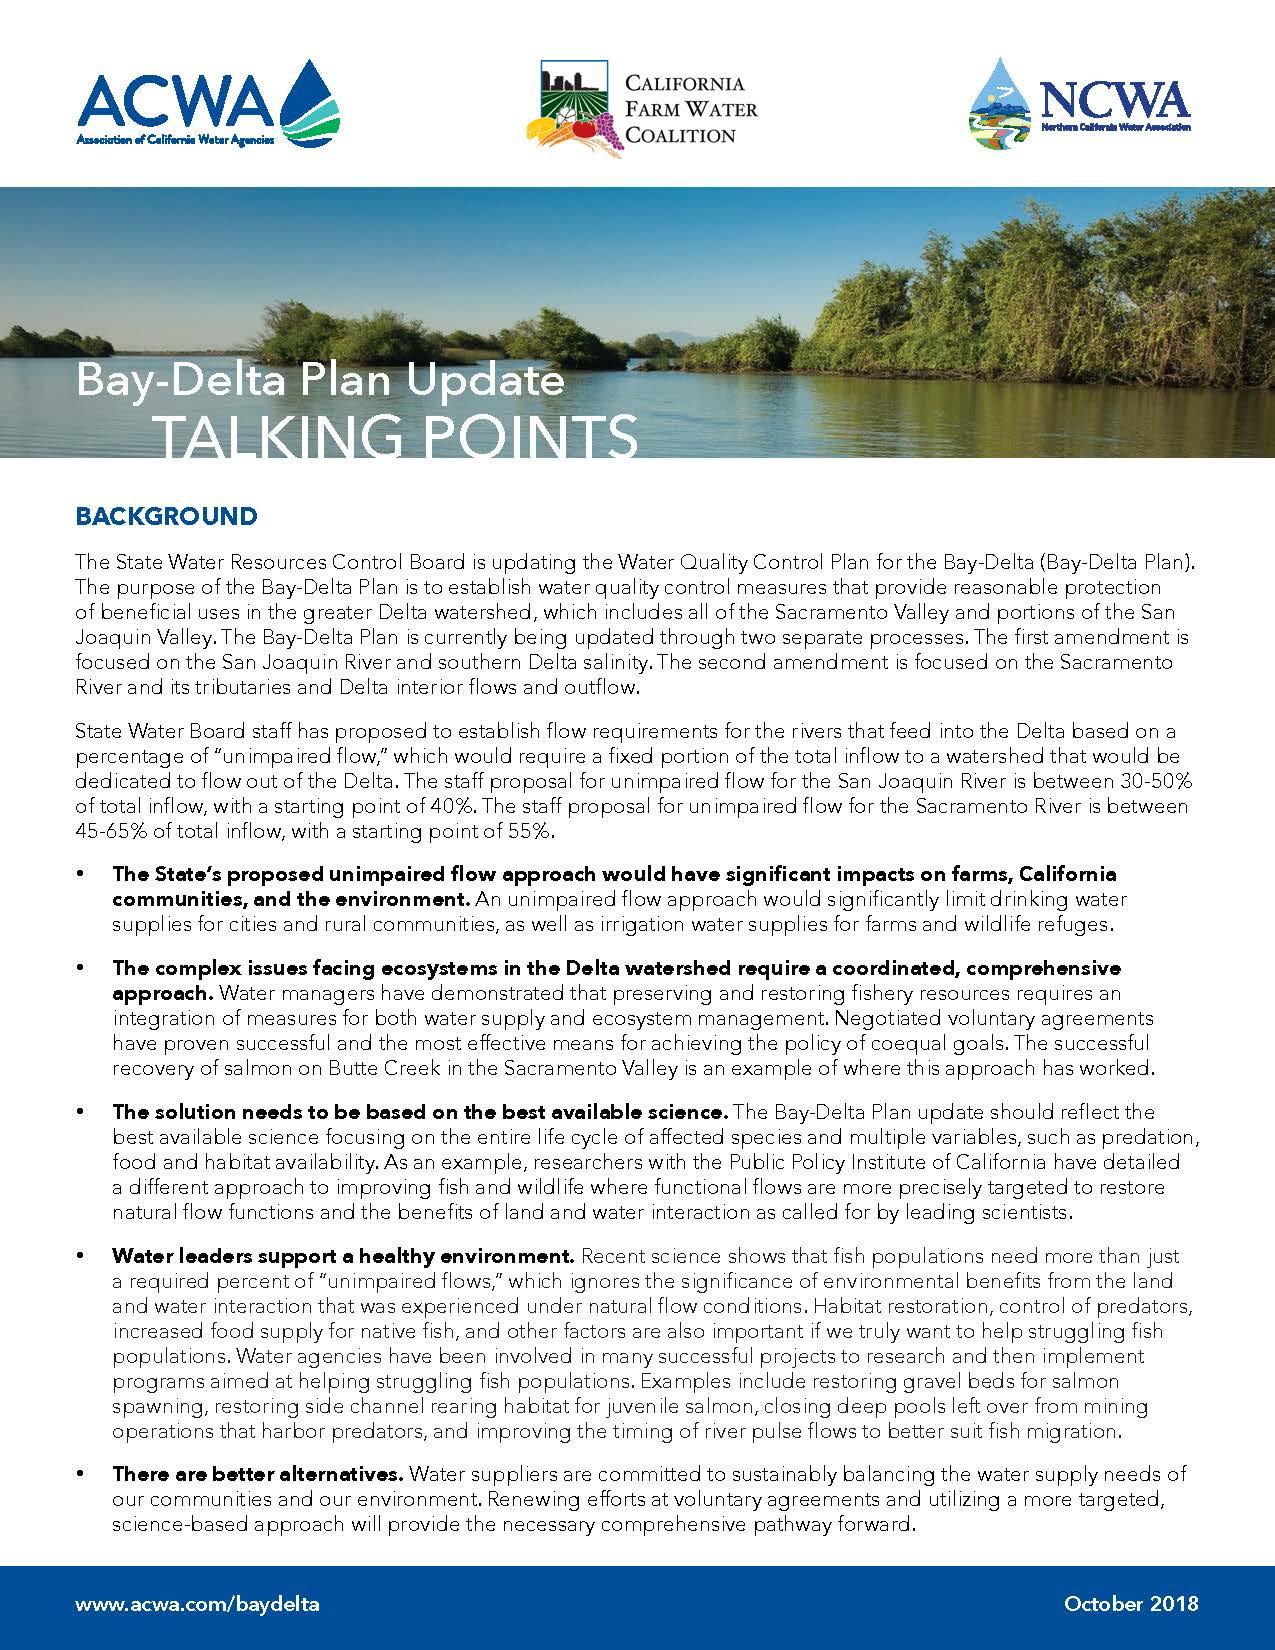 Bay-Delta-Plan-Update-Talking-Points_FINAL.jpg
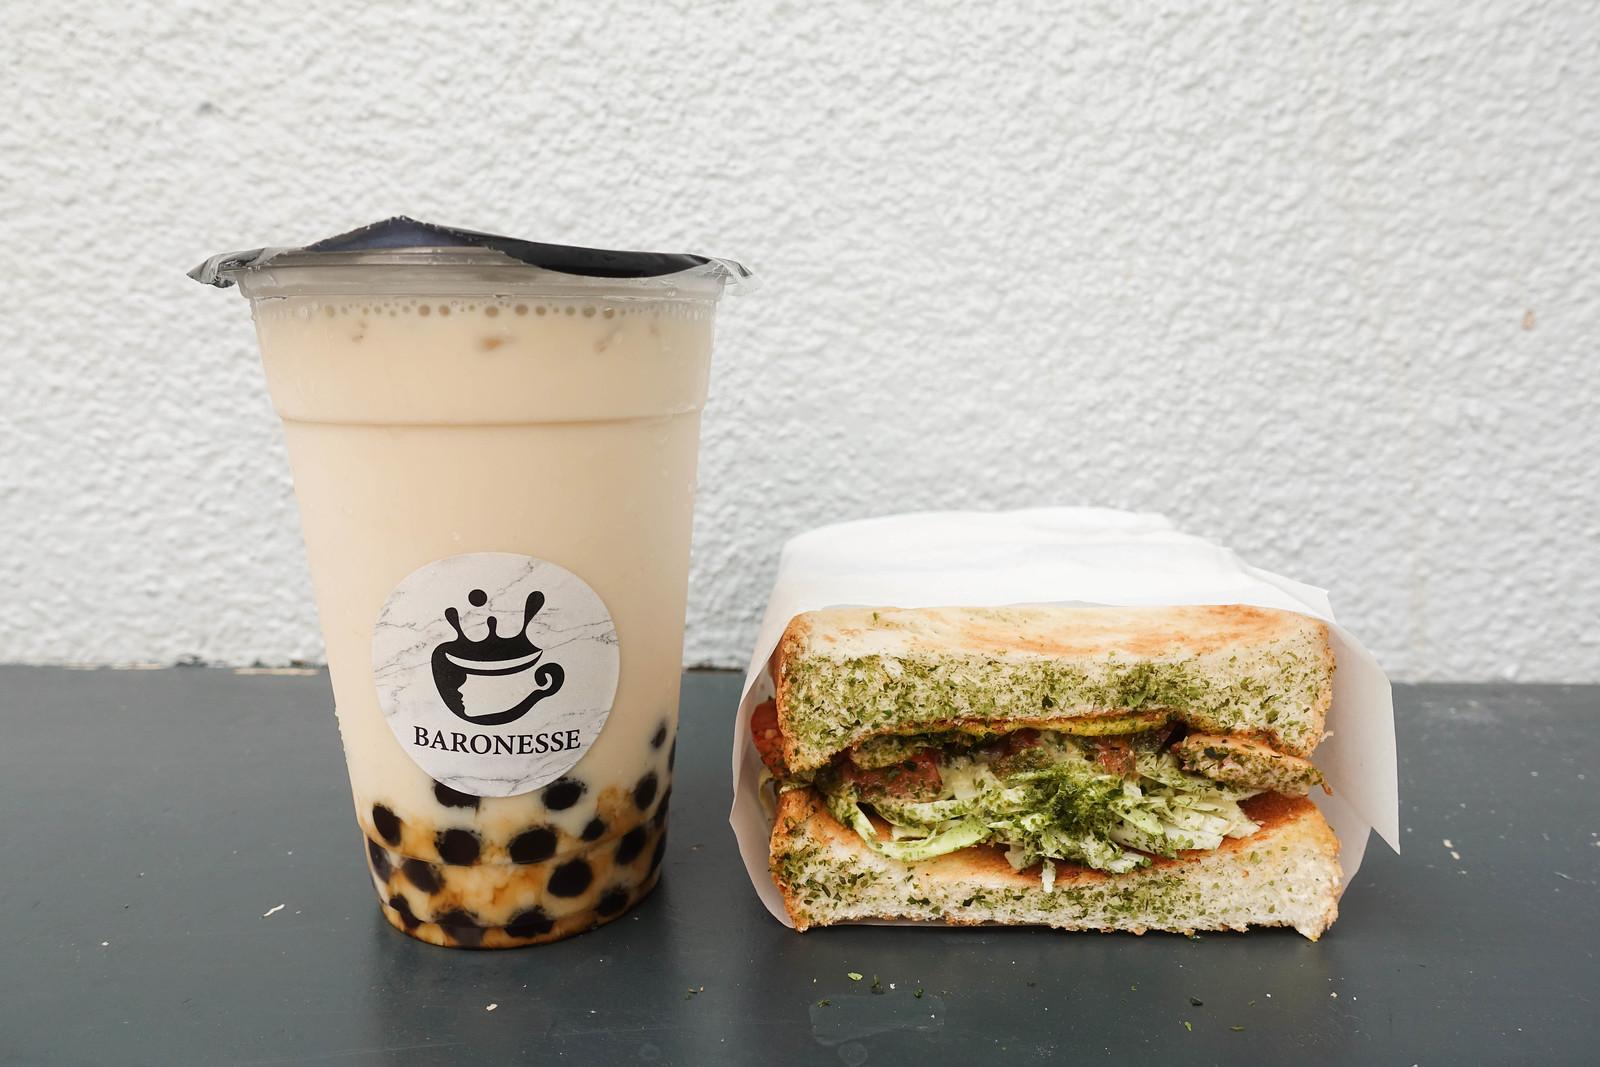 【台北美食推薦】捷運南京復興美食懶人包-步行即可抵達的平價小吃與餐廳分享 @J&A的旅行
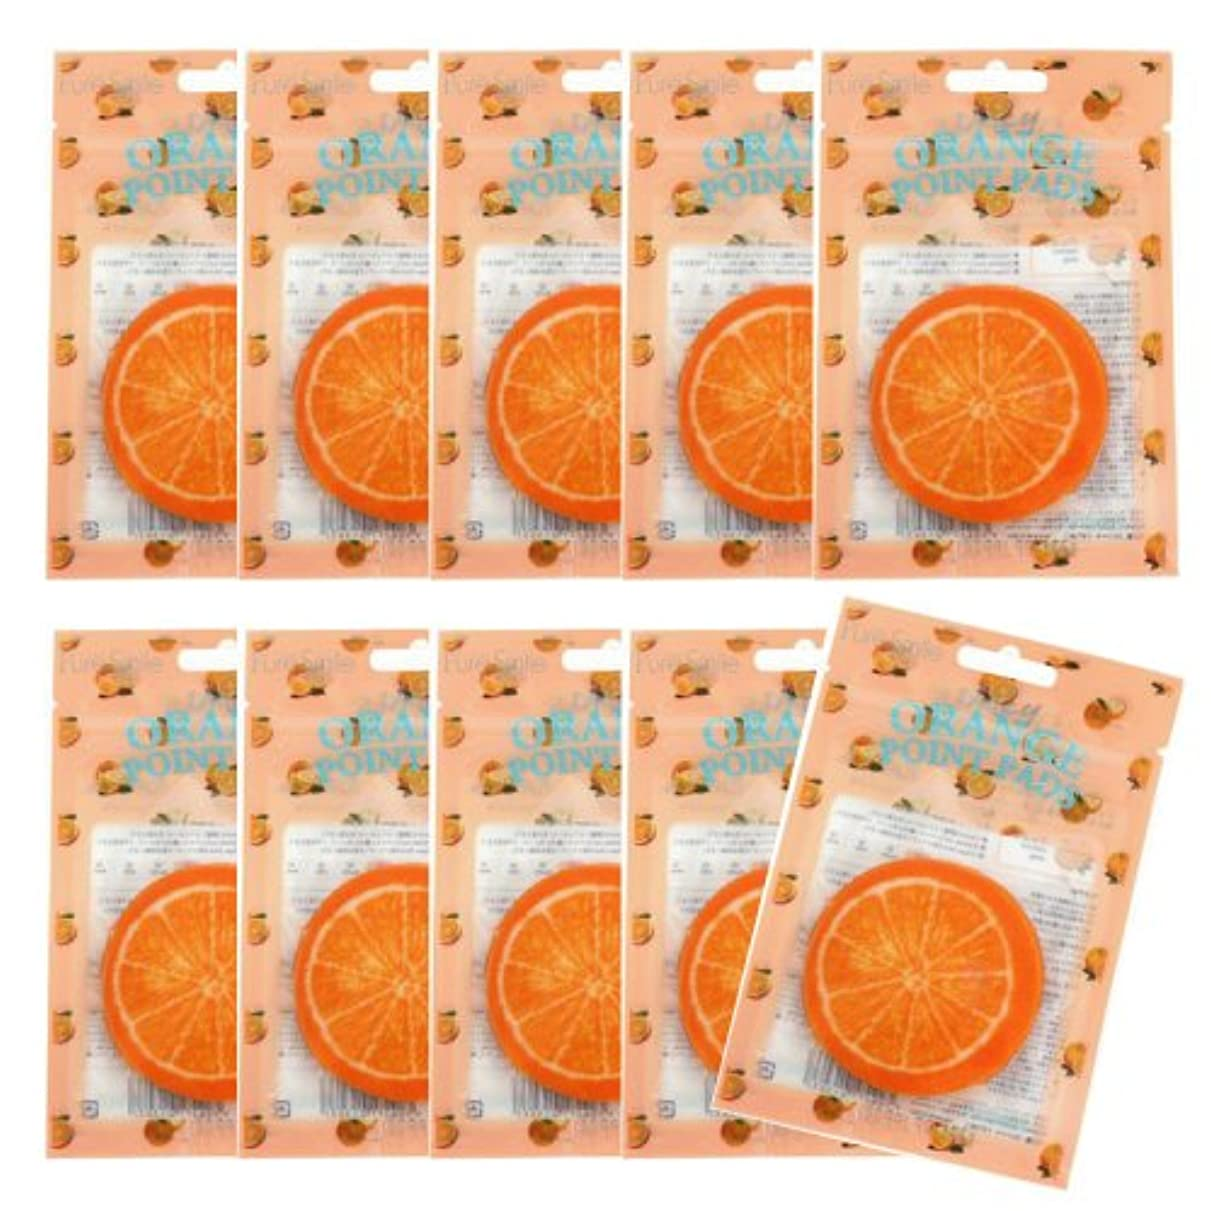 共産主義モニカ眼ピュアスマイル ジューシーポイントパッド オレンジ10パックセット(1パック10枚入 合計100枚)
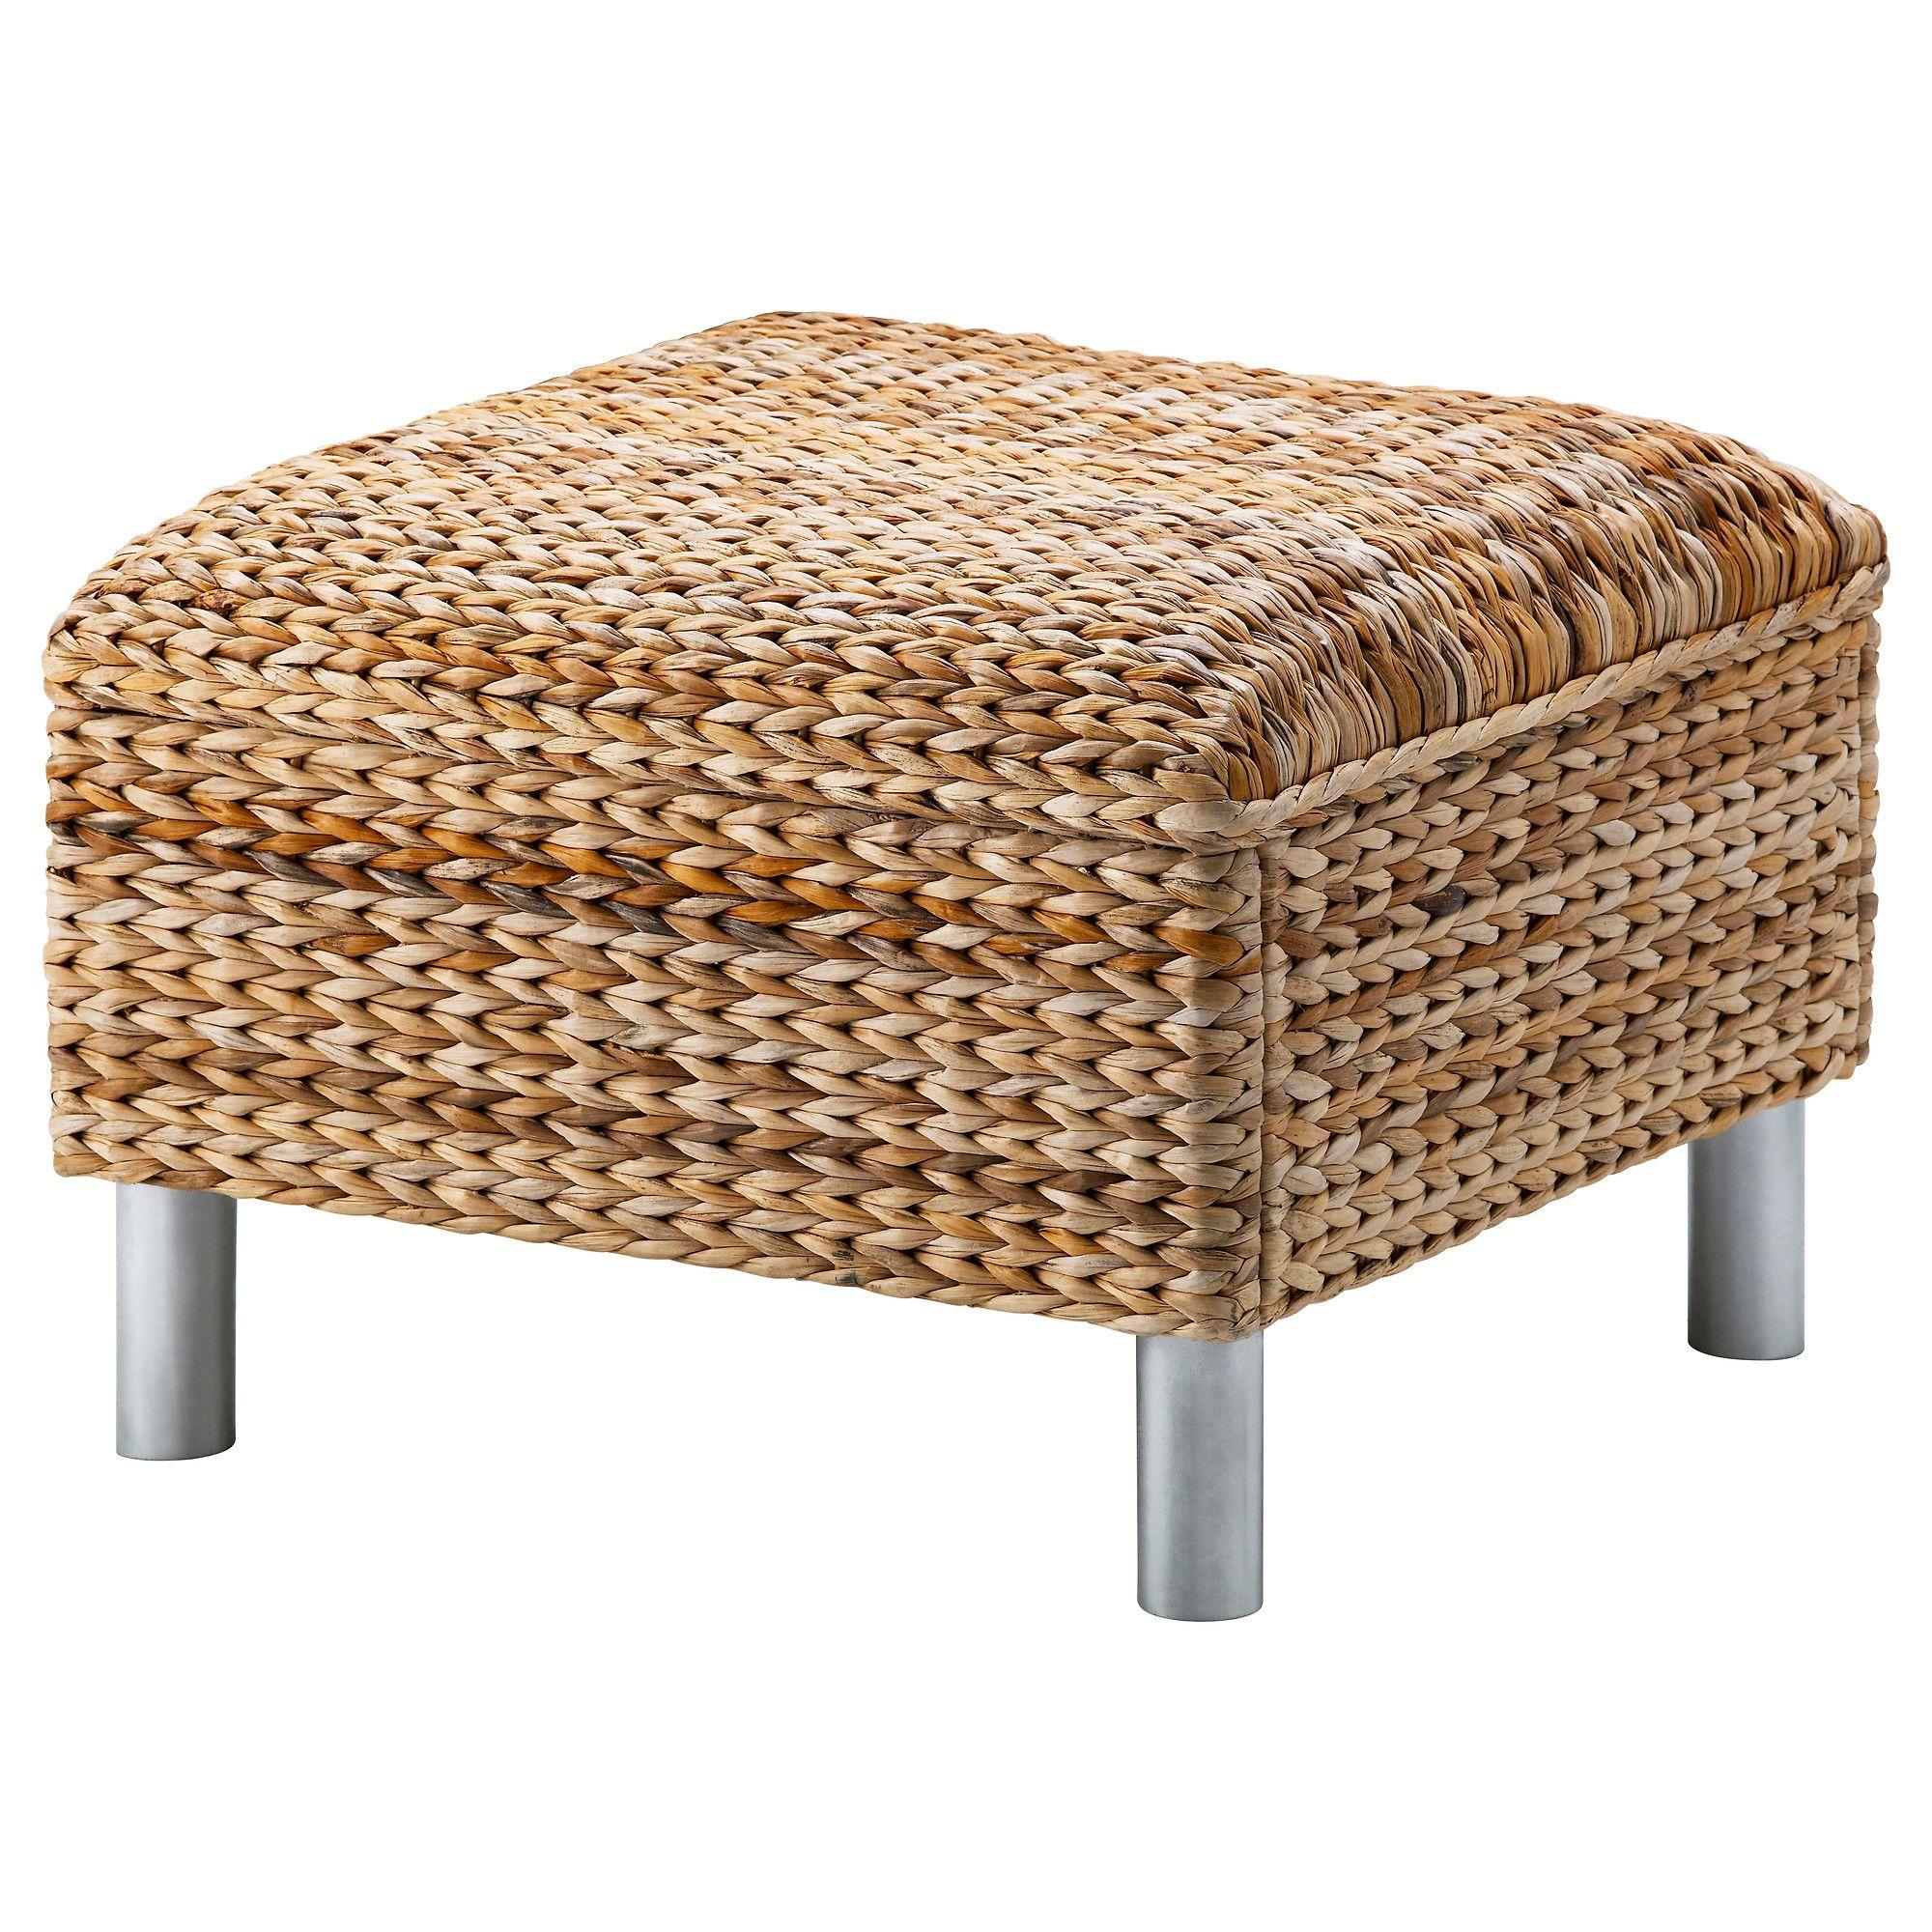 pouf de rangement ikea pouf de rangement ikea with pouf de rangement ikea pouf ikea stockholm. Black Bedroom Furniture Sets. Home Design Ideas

[Required work] Retype the data above in full, exactly as it stands, and skip any image.

[Answer area]
 Bay-Delta-Plan-Update-Talking-Points_FINAL.jpg
 【台北美食推薦】捷運南京復興美食懶人包-步行即可抵達的平價小吃與餐廳分享 @J&A的旅行
 共産主義モニカ眼ピュアスマイル ジューシーポイントパッド オレンジ10パックセット(1パック10枚入 合計100枚)
 pouf de rangement ikea pouf de rangement ikea with pouf de rangement ikea pouf ikea stockholm. Black Bedroom Furniture Sets. Home Design Ideas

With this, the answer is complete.